Thursday, January 6, 2011

Don't Tolerate Tolerant Software


Consider the following code:

void Panel::AddWidget(Widget* widget)
{
  if (widget != NULL)
    widgets_.push_back(widget)
}
Figure 1

I kept running into functions following a similar pattern. The entire body of a function would be wrapped in an if statement, checking for one or more validity conditions such as non-null arguments. This pattern is problematic because it is misleading to the client of the function; because the above function is called AddWidget, one expects it to add a widget to the panel. However, this will not be the case when NULL is passed in as the widget argument.

The problem is that there is no sensible way for AddWidget to handle NULL. NULL shouldn't have been passed into this method in the first place. If a function can only handle calls for which the arguments meet certain validity conditions, those conditions should be asserted at the top of the function. A better version of AddWidget might look like this:1

void Panel::AddWidget(Widget* widget)
{
  assert(widget != NULL);
  widgets_.push_back(widget)
}
Figure 2

The function in figure one is called tolerant. A tolerant function is one which tries to handle all argument values conforming to its type signature, even if its intended domain is a subset of those values. Tolerant functions should be avoided; instead, functions should be demanding, like the one shown in figure 2. A demanding function is one which asserts that its arguments perfectly conform to its expectations, and whose body is written as if those expectations have been met.

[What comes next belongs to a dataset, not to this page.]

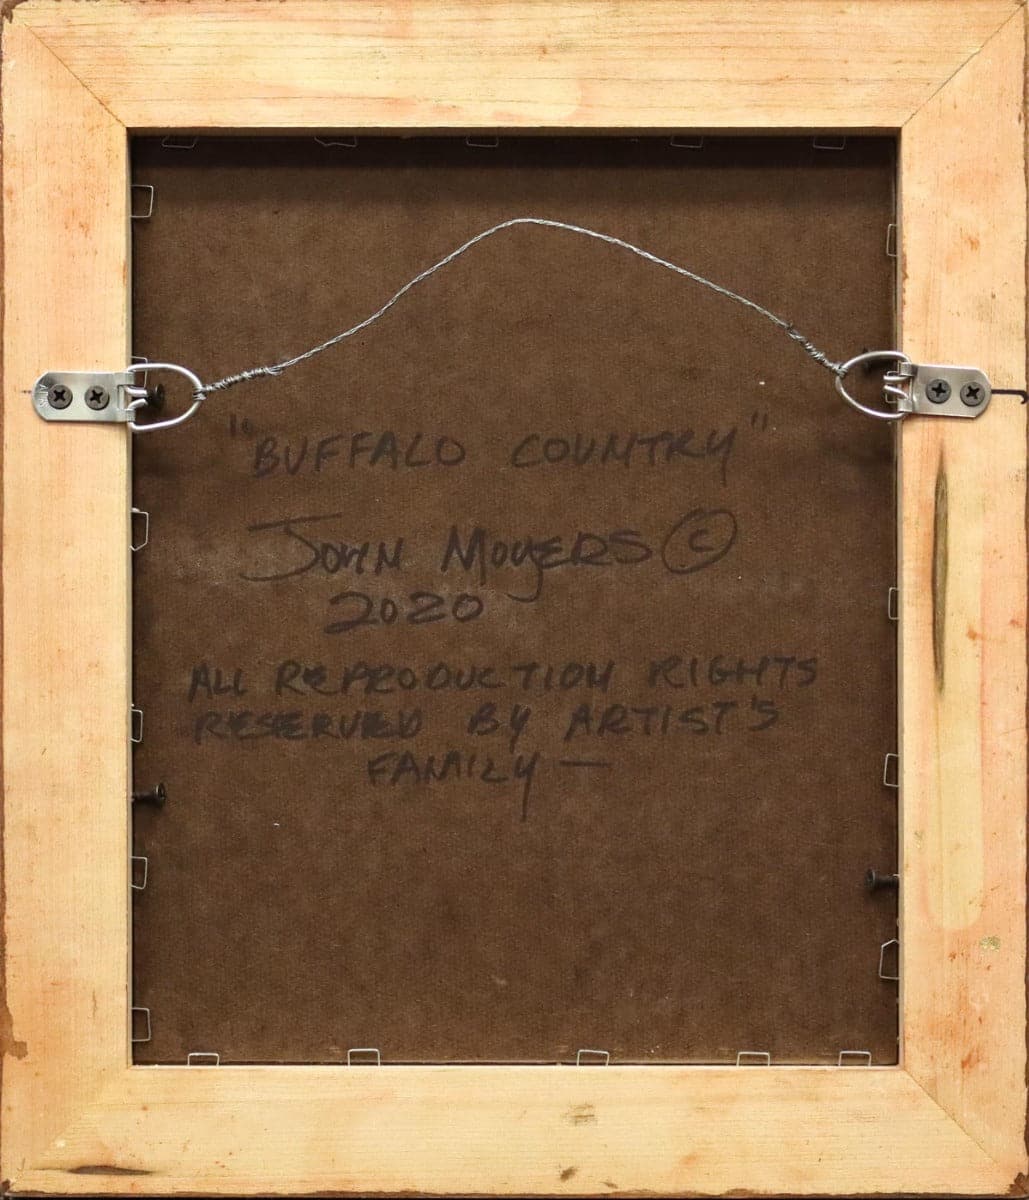 John Moyer - Buffalo Country (PLV1359)2

We can generalize the concept of tolerance to a finer level of granularity than that of functions. In general, code is considered tolerant if it tries to handle situations that can only occur as the result of programming errors. No line of code should be tolerant; for example, consider the situation in which a caller function obtains a value which is returned from a callee function. The comment above the declaration of the callee should unambiguously describe the value it returns, and the caller should not try to handle return values which do not conform to this description.

One might object to my claim that demanding code is always superior to tolerant code on the grounds that some unexpected conditions need to be handled. A program interpreting a user-produced xml file, for example, would need to handle cases in which the xml file is not well formed. This is simply a misinterpretation of the definition of tolerant code; tolerant is being mistaken for robust.

Code is robust if it handles every situation, however obscure, which could occur during execution assuming the absence of programming errors. Since a programmer can do nothing to prevent incorrectly formatted user input, a program which handles incorrectly formatted input is considered robust, not tolerant. Obviously, robustness is a desirable property, unlike tolerance.

Programmers who write tolerant code argue that it results in a shipped product which is less likely crash. This isn't clear to me, because handling unexpected conditions often results in code which is vastly more complex than the equivalent demanding would be. This added complexity introduces opportunities for new, unexpected conditions. These unexpected conditions are often not handled. Even if such conditions were handled, that would obscure the expected execution path to the point of absurdity.

Some programmers write code that is both demanding and tolerant-- they assert expected conditions, but then proceed to handle the cases in which the conditions are false. The intention of this style of programming is to alert developers of programming errors whenever they are detected, but still fail gracefully if such errors make it into release builds. Here is an example of some written using this “both worlds” approach:

  1. assert(thisShouldNeverHappen)
  2. if (thisShouldNeverHappen)
  3. {
  4.   //error handling code goes here
  5. }
I don't think this approach works. Its most glaring problem is that the code inside the if block will never get tested; if the assert fails during the debugging process, the program is typically halted, and a programmer is supposed to correct the code so that the assert can no longer fail.3

Tolerant code is the single largest detractor from software quality that I have faced. Every programmer should strive to write demanding code, yet many don't, some even believing that it is irresponsible or undesirable. I would like this state of affairs to change, so I leave you with a plea:

Software engineering professors, enthusiastically espouse demanding on multiple occasions. Find a way to ensure that every student who attends your classes understands the advantages of demanding code.

Authors of programming books, emphasize a demanding coding style. Beginning programmers should learn the virtues of demanding code around the same time they learn about for loops and functions.

Professional software engineers, be a stickler for demanding code when performing code reviews.

Hobbyists, think about the implications of adopting various coding styles. Search for a highly readable, maintainable, and demanding style of programming.



Credits:
This post was influenced by a discussion on lambda the ultimate. Thanks to all who participated.

Footnotes:
1: Of course, another possible way to rule out invalid arguments is to give them more specific types. If one's coding standard allows for it, changing the widget argument from a pointer to a reference is a viable option.

2: This terminology was taken from chapter 11 of Bertrand Meyer's excellent book Object-Oriented Software Construction.

3: According to Code Complete, this “both worlds” approach is used by the Microsoft Word team as policy! I find this somewhat befuddling, but suspect I don't have the whole story.